The Digger Papers (August, 1968)

Page Eight

Final City, Tap City: Crack at the Bottom of It

They grow wherever there is water. From the sea they mostly look white. Thin concrete skin over bay-shore, lakeside, riverbank. Big barnacles on a sea rock?

Dome of foul air, full of radio squeaks, TV signals, Radar. Shriek of Jet. Flap flap helicopter.

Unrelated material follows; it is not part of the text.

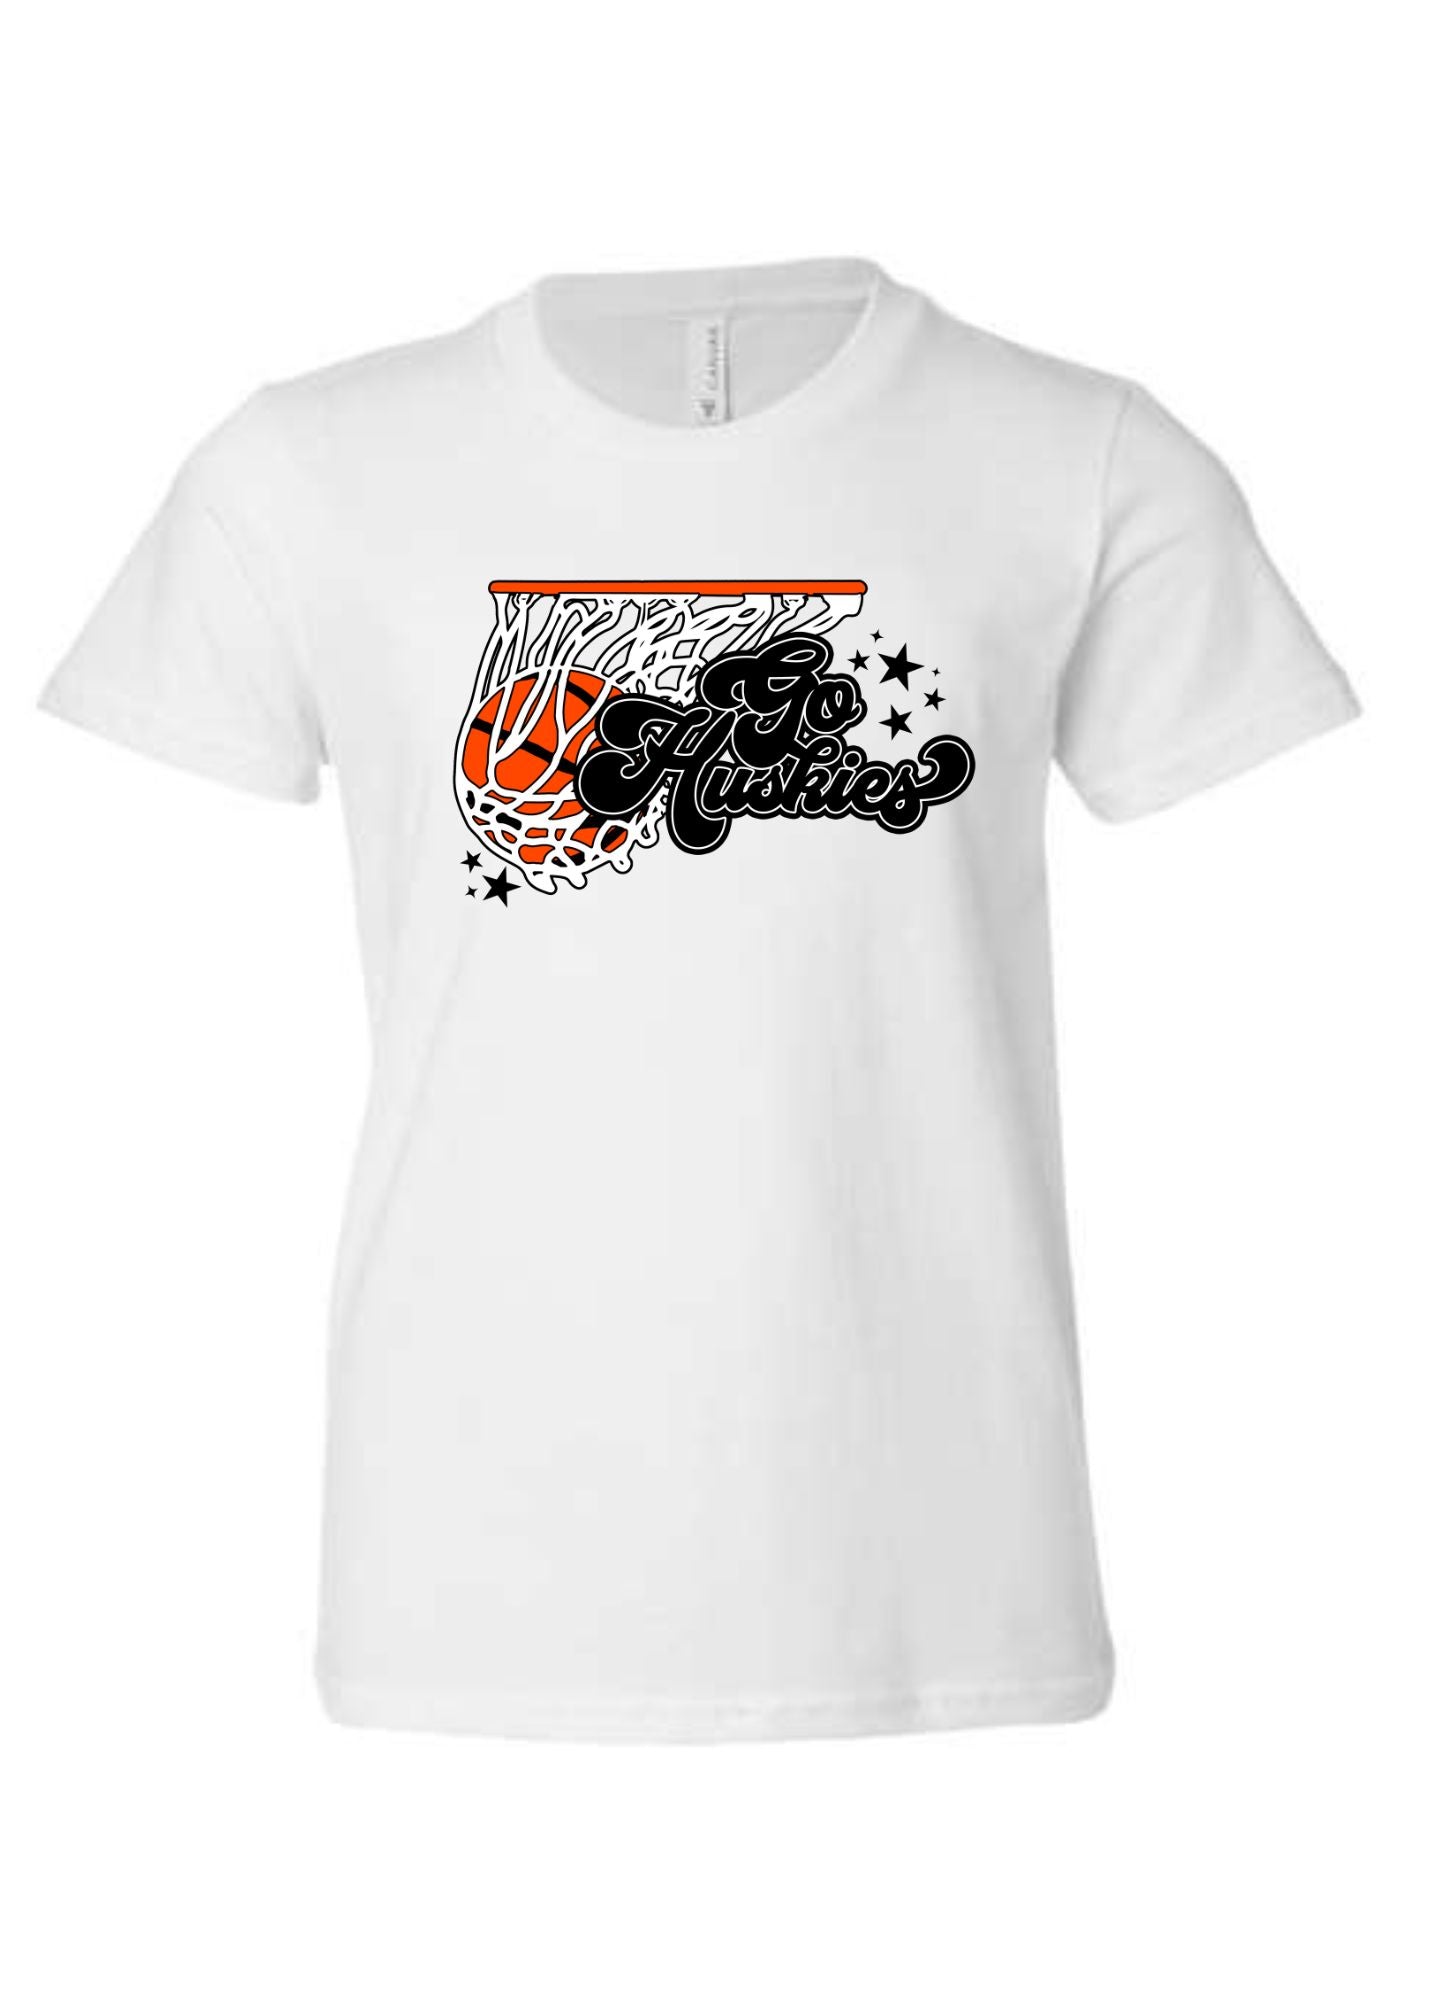 Go Huskies Basketball | Tee | Kids-Sister Shirts-Sister Shirts, Cute & Custom Tees for Mama & Littles in Trussville, Alabama.

Foulness flowing into all the very waters that made them come to be. "Hard, flat, incurable sore, Baltimore." James Agee.

Inside, the din is unbelievable.

Millions of terrified beings scurry through senseless mazes of tunnels and lanes and doors and corridors. The senses are insulted. Nose abused. Eyes revolted. Ears unable to shut it out. Lungs blanketed with lethal dust. Tired feet.

Everybody rushing about on some little errand somebody forced him to do. At pain of death. "Faces insane with purpose." William Burroughs.

Designed to protect everything inside from everything outside (country, they used to call it). Gradually there was no "outside."

Lots of danger, in.


Cities keep getting bigger and bigger and faster. People, inside them, get more crazed. Lots of them just can't do it anymore.

See them scrubbing that single marble step at the madhouse. Twenty years and the step is noticeably lower, very smooth. Or the Veteran, they call him, setting records at Livermore Hospital for the most wallets ever made in "Leather Therapy." He makes one, and only one, kind of wallet. Can't get him to go to lunch some days.

He isn't any crazier than any boss. The main difference is, he took it all on himself, chose a small part of the world where he could work, without hurting anybody, and made that part of the world clean. He's beautiful, at most an inch away from making it, and miserable, and lost.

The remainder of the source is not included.